FIXING MISALIGNED AND IMPROPERLY REFERENCED SPATIAL DATA
We first have to understand that the earth is a sphere, and the map is a flat surface. When a map is created in GIS Software, a 3D surface is projected to a 2D surface in our map interface to make our analysis easier. Therefore we need to acknowledge that distortion will occur when map is projected. The distortion might affect angles, direction, areas, shapes.
Different spatial data layers from different sources might be based on different Geographical Coordinate System, when they are added to the map interface, the ArcGIS will automatically aligned them. This built-in feature is called Projection-On-The-Fly. However this does not modify the spatial coordinate information but just make it “look like” they are in the same coordinate system for display purpose.
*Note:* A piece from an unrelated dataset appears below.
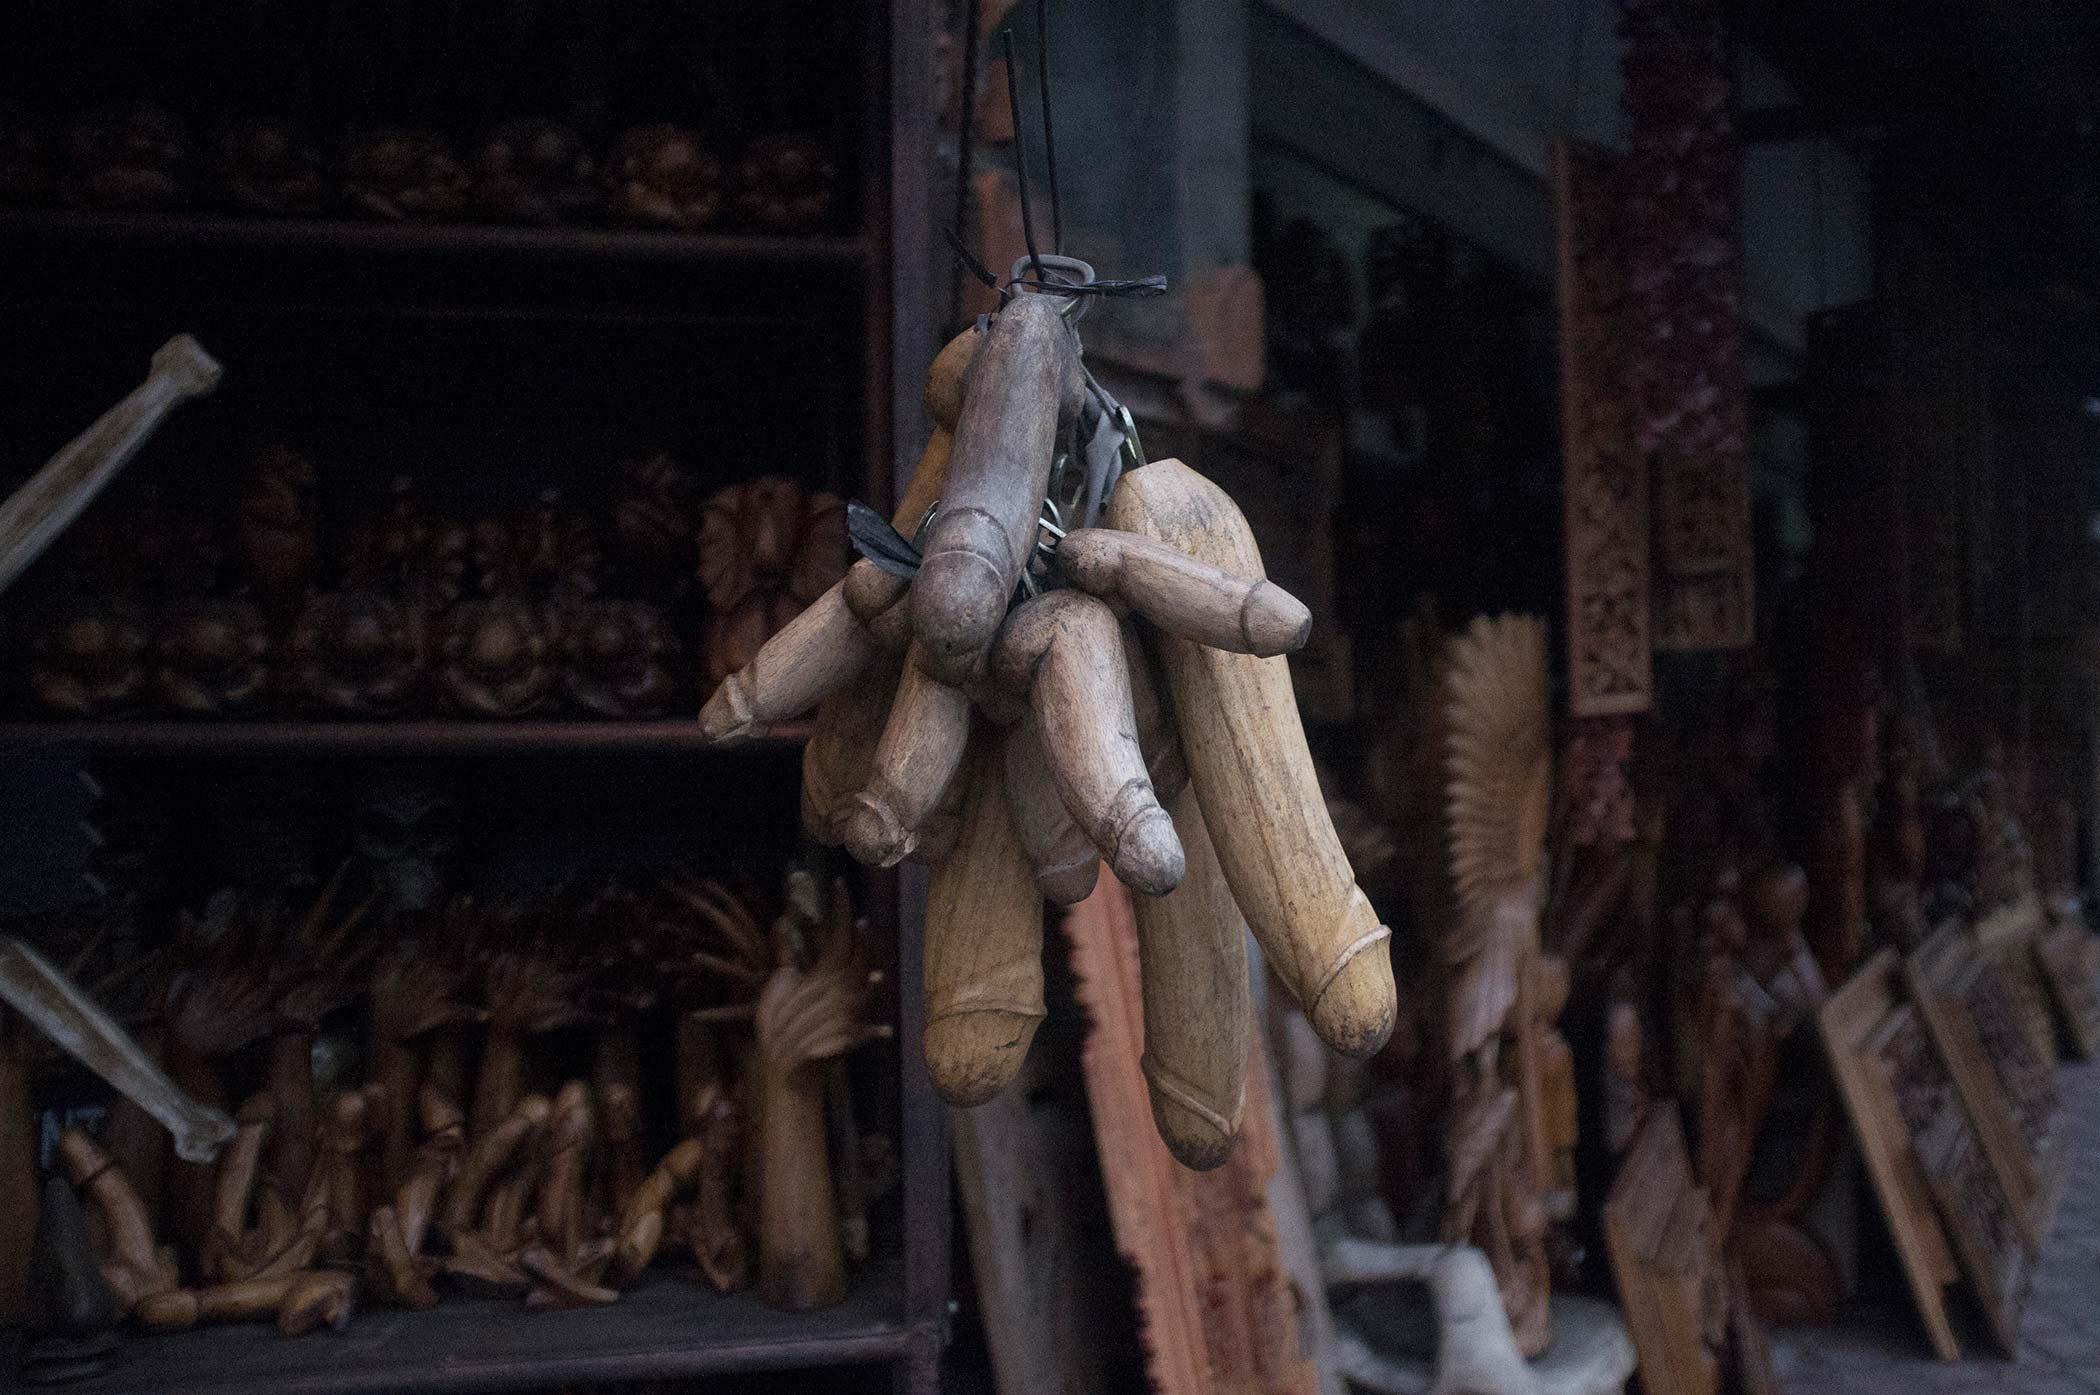 Balinese are great wood carvers. Wood carved dildo beer-openers.

When performing spatial analysis it is a good practice to change the projection for a layer into a common spatial reference system. Before the spatial analysis, it’s necessary to check each layer’s GCS by checking layers properties and take notes. For Data that’s missing the spatial reference system, we need to add the approbate coordinate system by in layer’s properties under the “XY Coordinate” tab.
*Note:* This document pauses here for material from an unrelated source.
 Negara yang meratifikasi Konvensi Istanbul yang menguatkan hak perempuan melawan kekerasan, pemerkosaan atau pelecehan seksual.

If we want to perform a specific spatial analysis on a certain projected coordinate system, we need to transform the coordinates. This function can be toggled by: ArcToolbox > Data Management Tools > Projections and Transformations > Project. Select the appropriate Output Coordinate System and hit OK a new layer with different spatial reference system should be showing soon.
THE ADVANTAGES TO USING REMOTELY SENSED LANDSAT DATA FOR GEOGRAPHIC ANALYSIS
Remote sensing data has been quite powerful in performing geographic analysis especially for observing changes of an area over time. For example, Landsat is able to update the image every 16 days. Remote sense data enable us to analyze the topography, water, vegetation and etc easily due to the colour bands and multi-spectrum image. There are a lot of fields that remote sensing data can be applied: examining the change of topography after a disaster, observing the ice retreat of Antarctica and etc. On the other hands, since remote sensing data is digital now, it allows quick spatial analysis timelessly accessible everywhere.